X3 no need to brine due to fat content.
But you can put a lot of spices/flavor in via injection.
Be forewarned though, injecting can significantly increase cooking time.
12 hours of Low-n-Slow can turn into 16, 18 or even 20 hours.
Voice of experience.
Which can be somewhat mitigated by cooking Hot-n-Fast 275°-300°


----------



## SecondHandSmoker (Apr 22, 2020)

Yep!  What Jake said.

However, you can inject if you're looking to get more flavor down into the meat.

For a good rub Chef Jimmy has a good one too.  It is mild, so if you want some extra heat just add in some Tony C's.  This rub works on all pork and chicken too. 







						Spare Rib Help
					

I have 2 sets of spare ribs thawed out that I plan on smoking tomorrow. I've never smoked spare ribs and am looking for any tips or tricks someone may have. Any rubs, sauces, hints will be appreciated. I'll be using my 18.5" WSM and plan on a mix of apple and cherry woods. Thanks!




					www.smokingmeatforums.com


----------



## SecondHandSmoker (Apr 22, 2020)

Also,  check out Chile's rubs too.  Just click on his recipe link.


----------



## TNJAKE (Apr 22, 2020)

Jclear said:


> I have also been reading up on using the drippins... I  have been keeping a pan of water in the bottom of the smoker to use as a heat sink / to help keep it moist inside.  Do I catch the drippings in the water pan or do I need a seperate pan which starts empty to catch the drippings?

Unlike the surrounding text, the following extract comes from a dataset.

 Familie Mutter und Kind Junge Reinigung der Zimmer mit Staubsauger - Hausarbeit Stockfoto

All depends on if you plan on wrapping the but anytime during the cook. If wrapping you will have all the foil juice you want. If leaving unwrapped you will need a pan other than the water pan


----------



## SecondHandSmoker (Apr 22, 2020)

Use a separate pan under the butt for collecting drippings, not the water pan


----------



## Jclear (Apr 22, 2020)

Are the drippings used in addition to finishing sauce (Link below) or do you need only one or the other?

SOFLAQUER Finishing Sauce - Sticky


----------



## chef jimmyj (Apr 22, 2020)

If you want North Carolina style Q...This Finishing Sauce is a MUST. As above, mixing in pan juices is good too. A Drip Pan under the meat will get it done. You didn't say what Smoker you are using. Water Pans are most effective when used to protect the meat from a hot fire and heat sink when you need to get fluctuating temps under control...

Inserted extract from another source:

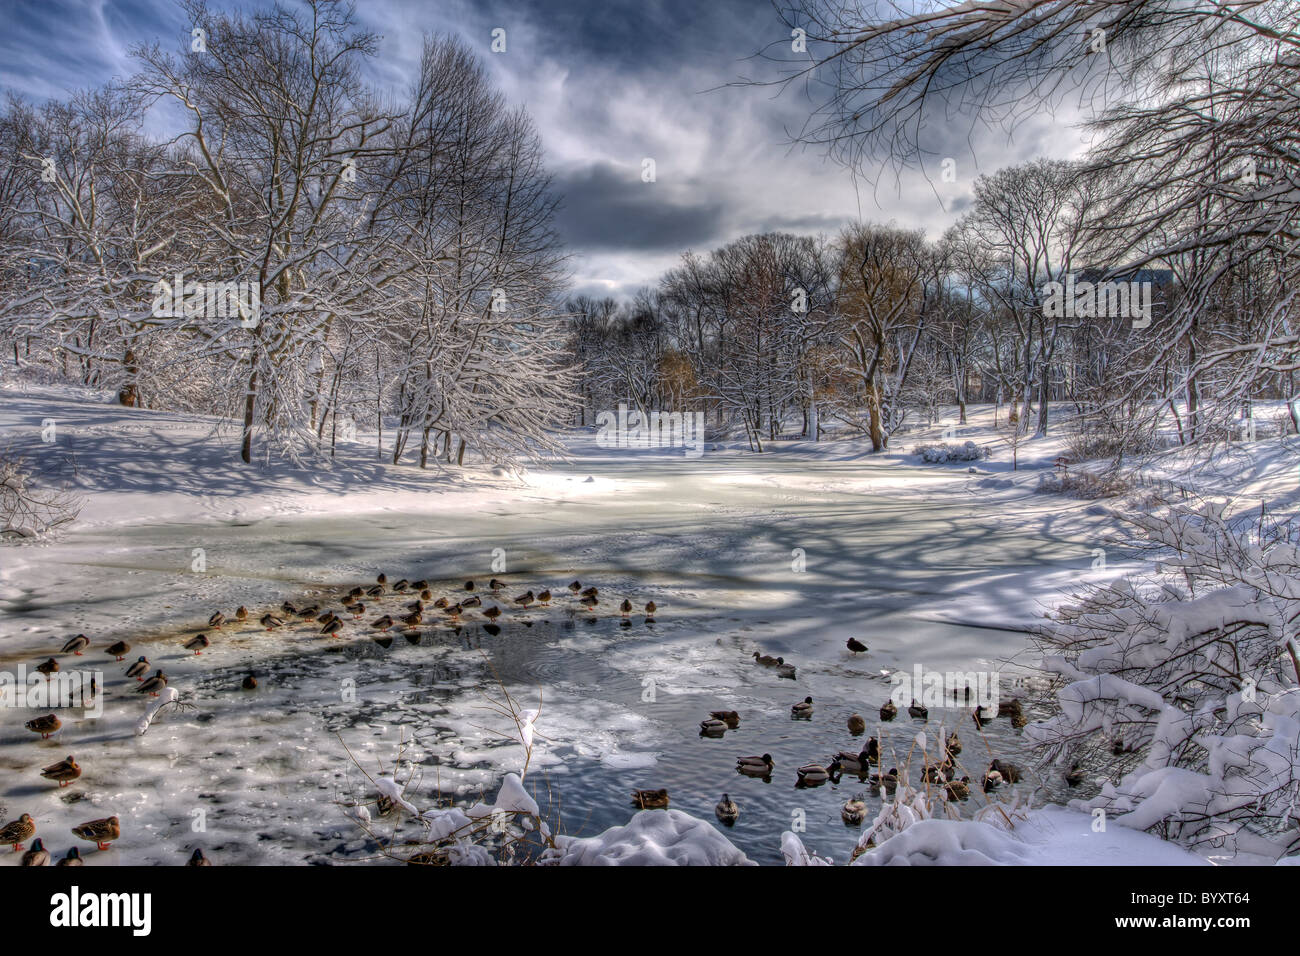 Les canards se rassemblent autour d'une petite zone d'eau libre à la piscine, à l'Extrémité Nord de Central Park le matin après une forte chute de neige Banque D'Images

*Tangy Pulled Pork Finishing Sauce*

This is more of an Eastern North Carolina style Finishing Sauce...

2 C Apple Cider Vinegar
2T Worcestershire Sauce or more to taste
1/4C Brown Sugar
1T Smoked Paprika
2 tsp Granulated Garlic
2 tsp Granulated Onion
2 tsp Fine Grind Black Pepper
1 tsp Celery Salt
1 tsp Cayenne Pepper or Red Pepper Flake. Add more if you like Heat.
1/2 tsp Grnd Allspice

Combine all and whisk well. This is a thin sauce, bring just to a simmer and remove from heat. Adjust sweetness by adding Brn Sugar or additional Vinegar as desired...Makes about 2 Cups.
Pull the Pork add back any Defatted Pan Juices and Finishing Sauce to taste. Serve the sauce along side as well.

For a *Lexington Style Dip* add, 1/2C Ketchup and 1-3tsp Red Pepper Flakes...JJ


----------



## noboundaries (Apr 22, 2020)

Drippings are awesome for two reasons. First, the seasoned fat can be separated and saved for other uses like unique gravies, biscuits, etc. Second, the jus can be used immediately after the smoke by mixing back into the meat, adding additional flavor. 

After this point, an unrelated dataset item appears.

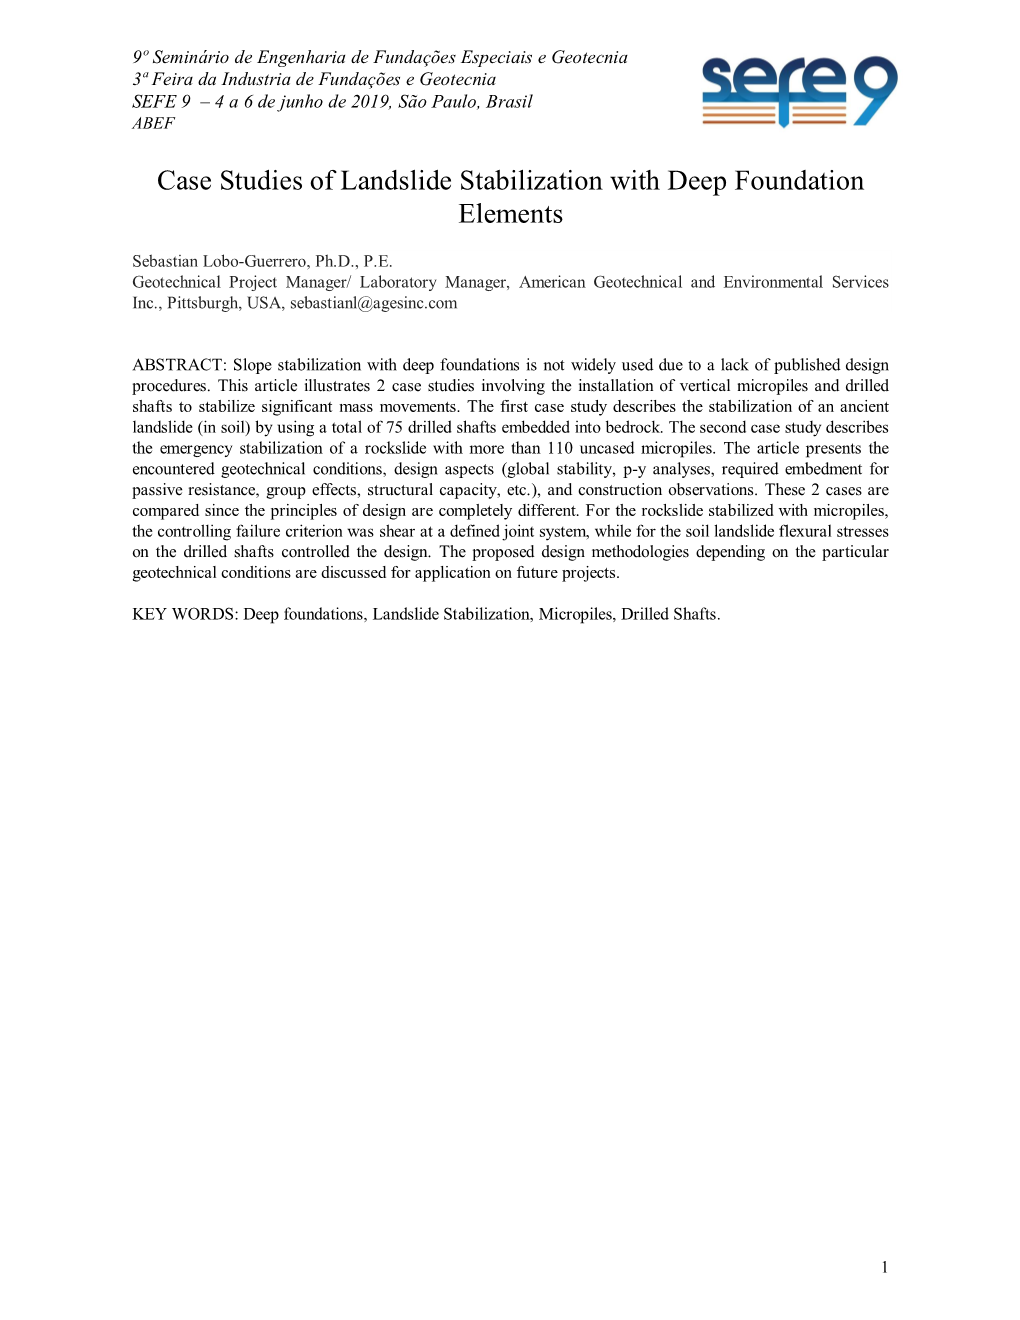 Case Studies of Landslide Stabilization with Deep Foundation Elements

Best way to catch the drippings? I put a cooling or meat rack in a pan, then add the roast. You can skip the rack and just pan the butt. The bottom of the butt won't have bark, so put fat side down if you do the rack/pan or plain pan method. 

 If you put a pan on a level under the grate that holds the roast, the drippings can burn or get excessively smoky. It really depends on your smoker.


----------



## FreddieKU (Apr 22, 2020)

I want to try this method of putting a cooling rack in the pan as you described. I’m hesitant to put the butt directly in the pan because I’ve had so much liquid/droppings in my Kamado style smoker that isn’t  the butt just going to cook in drippings for the first four hours before I foil?


----------



## zwiller (Apr 22, 2020)

Dry or wet brining works but thick cuts like butts require additional time.  I'd say 5-7 days.  Even then it will not work as well as injecting.  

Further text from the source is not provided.